Part the memories that kept appearing the past 3 weeks included the suicide of my step daughter when she was 15 and I was 25 years old.  I decided while I was away that this was something I needed to blog about and I will, probably in my next blog.  Some scars never really heal and sometimes not looking at them is more difficult than finding the courage to let the light in and reexamining the event and the feelings squished so tightly around around them and over them.

Wednesday, February 26th, 2014.....8:06p.m.

Thursday, January 30, 2014

January, 2014

Wow, what a month.  I don't think I have been out of the house for more than 3 times this entire month.  Where we live it is known as snow country, however, this month has exceeded anything we could have expected.  As a result I have spent almost all of my time in my favorite housecoat.  It is pink and fleecy and fluffy and warm.  So except for showers and laundry it has been my apparel of choice all month.

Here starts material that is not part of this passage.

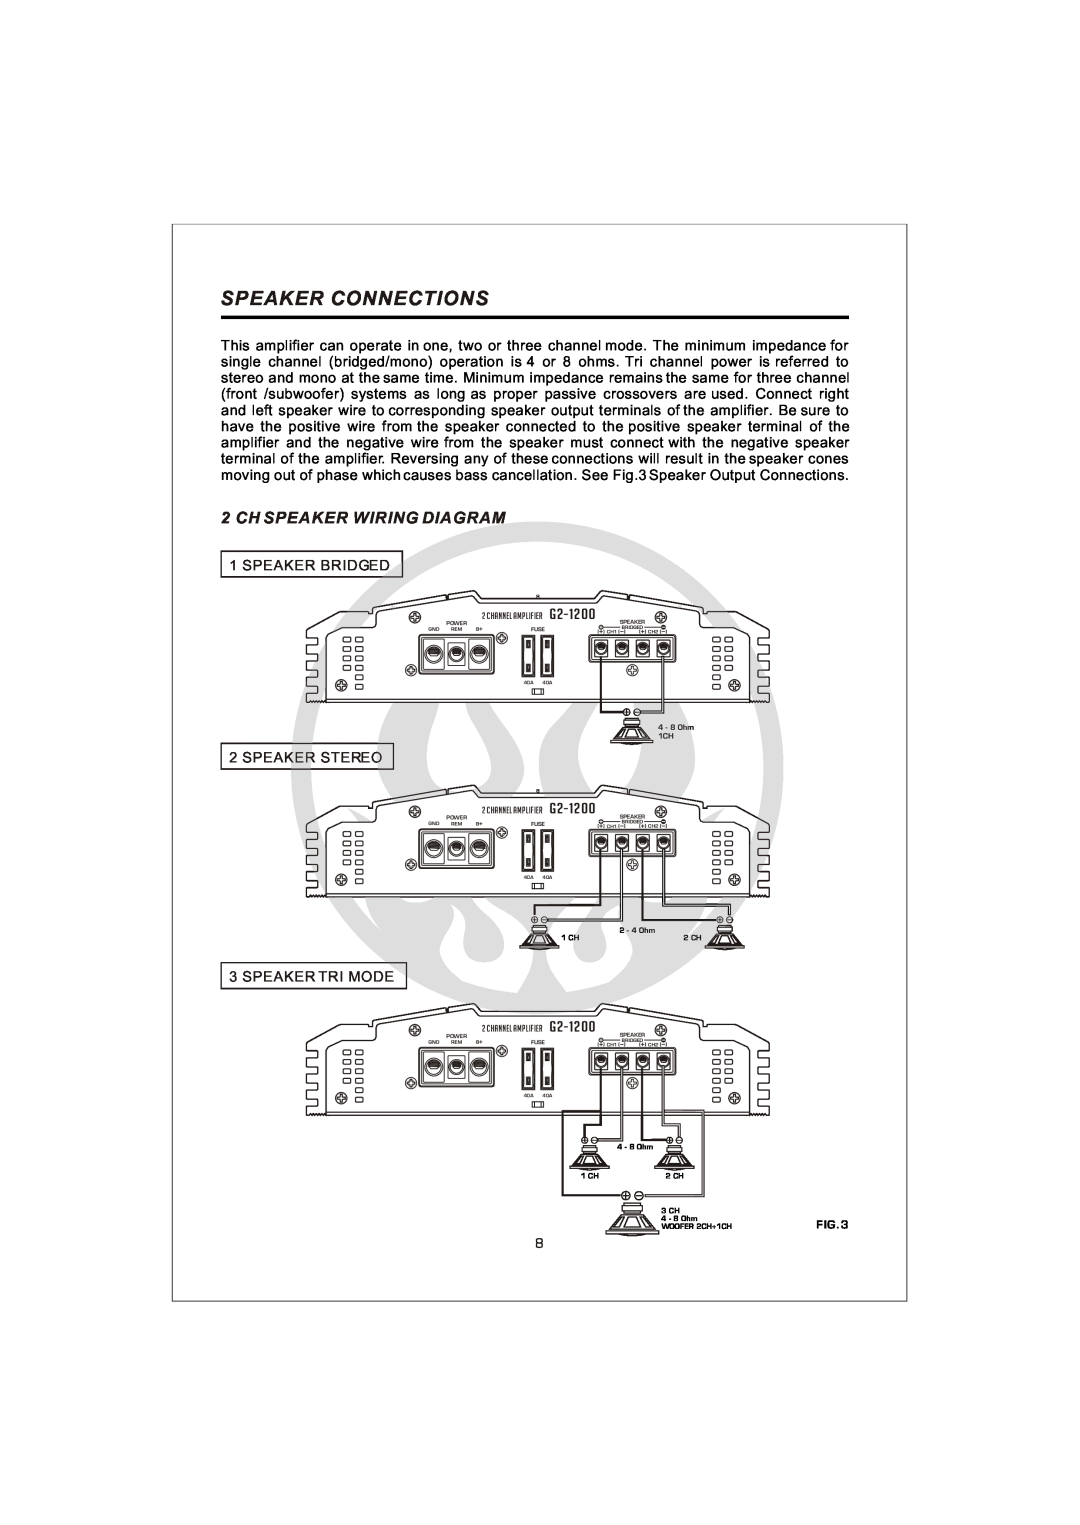 Interfire Audio G4-800, G4-1000, G5-900, G2-800, G4-600, G2-1200, G2-600 Speaker Connections, Ch Speaker Wiring Diagram

We have one real concern.  We heat by propane and the tank is getting low.  There is no way in hell that a propane truck could get through our quarter mile snow drifted driveway.  We have backup electric heat in the upstairs bedrooms and Dennis, my son in law, has purchased small electric plug in heaters for the downstairs.  We also cook with propane so running out of propane could be a real problem.

As for me the month has passed in a kind of haze.  There is plenty of reading material, Thank God, and I spend a lot of time reading and sleeping.  I think this is probably how our ancestors, in the cave man days made it through winters.  In an almost dormant state our metabolism is lowered so we don't need as much food and sleeping through this weather isn't really a bad idea.  I didn't want the month of January to pass without a post.  Now I have done that it is back to bed with a book.  Talk to you again next month.

Thursday, January 30th, 2014..........4:31p.m.